Abdulkadir Iman Warsame (Cabdiqaadir Iimaan Warsame) is the founder of Somaliland construction company UNIECO, former chairman of the Somaliland National Electoral Commission, and former minister of agriculture of Somaliland.

==Biography==
===Chairman of engineering company===
In 2003, Abdulkadir Iman brought together engineers and businessmen with experience working in Somaliland and abroad to establish UNIECO (Universal Engineering & Consultant Company), a construction firm based in Hargeisa.

As of February 2012, Abdulkadir Iman was serving as founder and chairman of an engineering company based in Hargeisa, UNIECO (Universal Engineering Company).

===National Electoral Commission chairman===
In November 2014, Somaliland President Ahmed Mohamed Mohamoud "Silanyo" nominated Abdikadir Iman and two other members to the five-year-term National Electoral Commission (NEC), and in early December all seven commissioners unanimously elected him as their chairman.

Around 2015, the NEC partnered with a research group at the University of Notre Dame to field-test a new voter registration system based on iris recognition, which Abdulkadir Iman described as one of the most advanced voter registration systems in the world.

In 2017, President Silanyo announced a two-year extension of the NEC's mandate. The 2017 Somaliland presidential election, observed by an international mission, introduced biometric iris-scan voter registration nationwide and saw largely peaceful, well-organised polling with significant voter participation. Irregularities and delays were noted, but observers judged them insufficient to affect the final result, citizens’ commitment to constitutional, rule-based politics.

By that time, the six-year-term House of Elders had not held an election since 1997, the five-year-term House of Representatives had last gone to the polls in 2005, and the five-year-term local councils had not held elections since 2012. None of these elections took place during Abdulkadir Iman Warsame's tenure as the electoral commission chairman.

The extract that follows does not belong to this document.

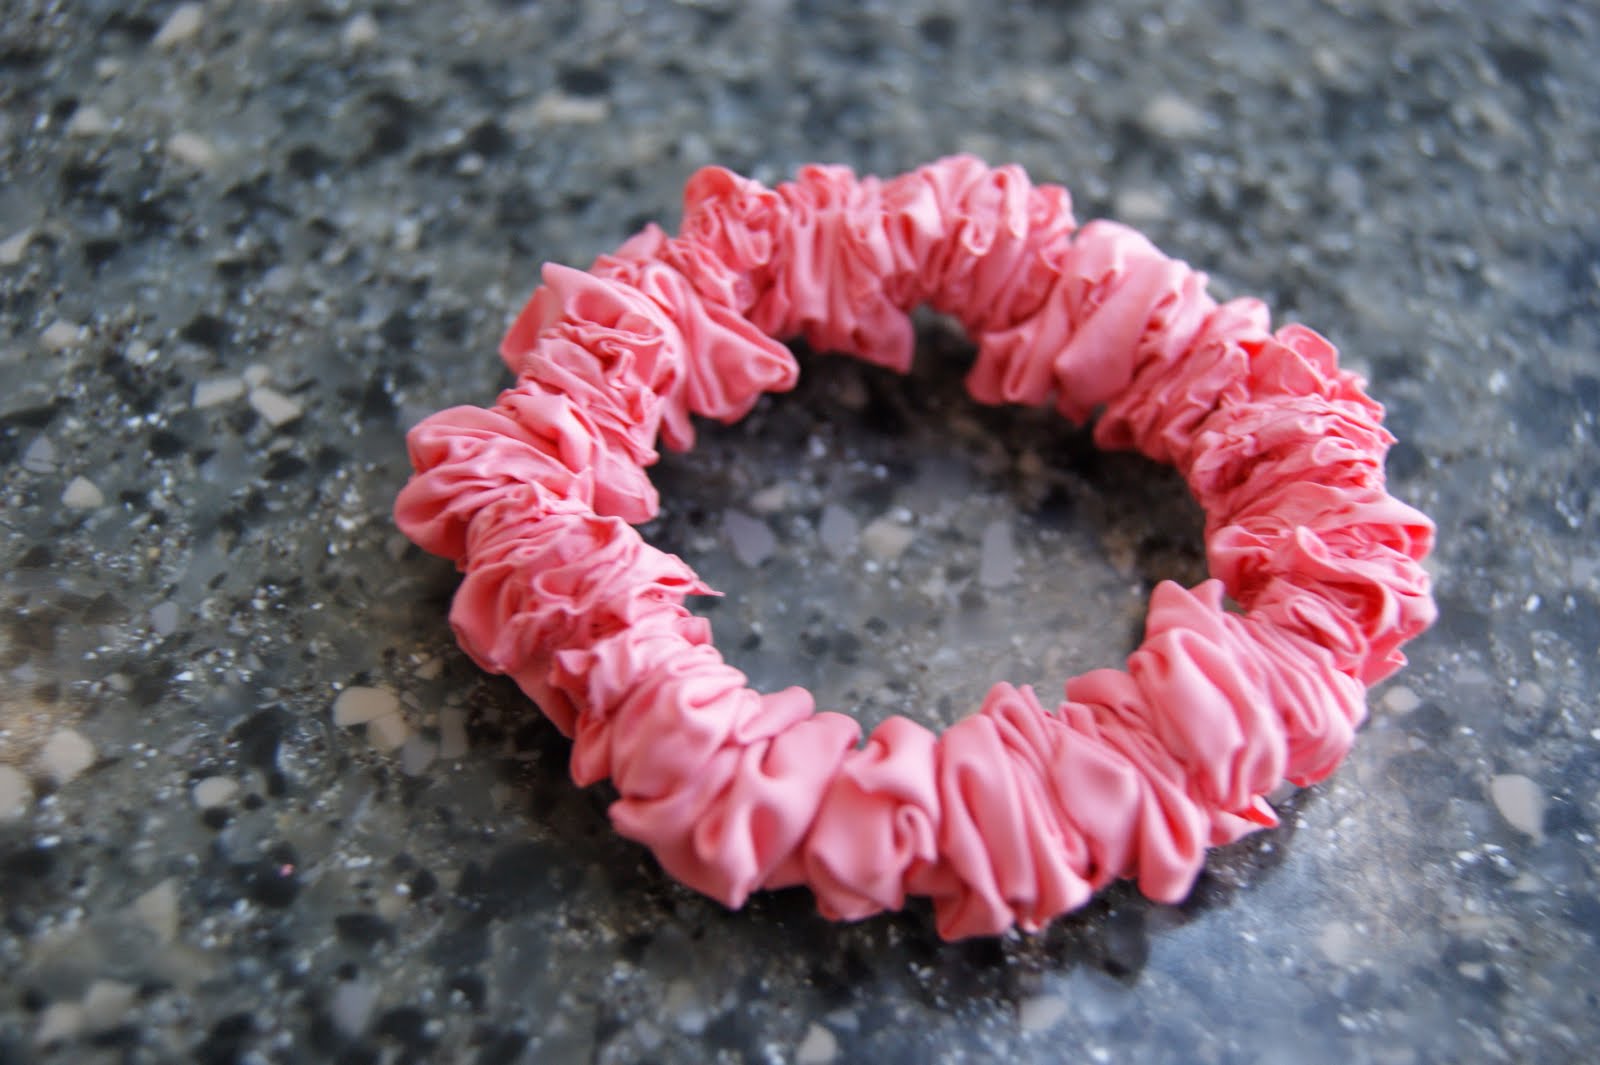 michelle paige blogs: Make Your Own Balloon Bracelets

In February 2018, responding to questions from the media, Abdulkadir Iman stated that “we were chosen by the three national parties, the government, and the parliament, and if they take away our mandate, we are personally ready to resign.”

In March 2019, Abdulkadir Iman responded to a suggestion by the chairman of a civil society umbrella organization that the electoral commission should resign by stating that their mandate had not yet expired and that they had no reason to step down.

In June 2019, the National Electoral Commission invited the opposition and other stakeholders to a briefing on a new voter registration system under the name of Abdulkadir Iman, but the opposition party Waddani refused to attend, arguing that it did not recognize the current commission as legitimate.

On 13 November 2019, the Somaliland House of Representatives approved six new members of the National Electoral Commission, including Abdirashid Mohamoud Ali "Riyo-raac" as chairman. On 25 November, the new National Electoral Commission was sworn in before President Muse Bihi Abdi. The opposition rejected this, and on 19 December an elders’ committee proposed dissolving the new National Electoral Commission and reinstating the members of the previous commission. On 15 January, a meeting was held between President Muse Bihi Abdi and opposition leaders, but President Bihi told them that he did not have the authority to dissolve the National Electoral Commission, and the new commissioners consequently remained in place.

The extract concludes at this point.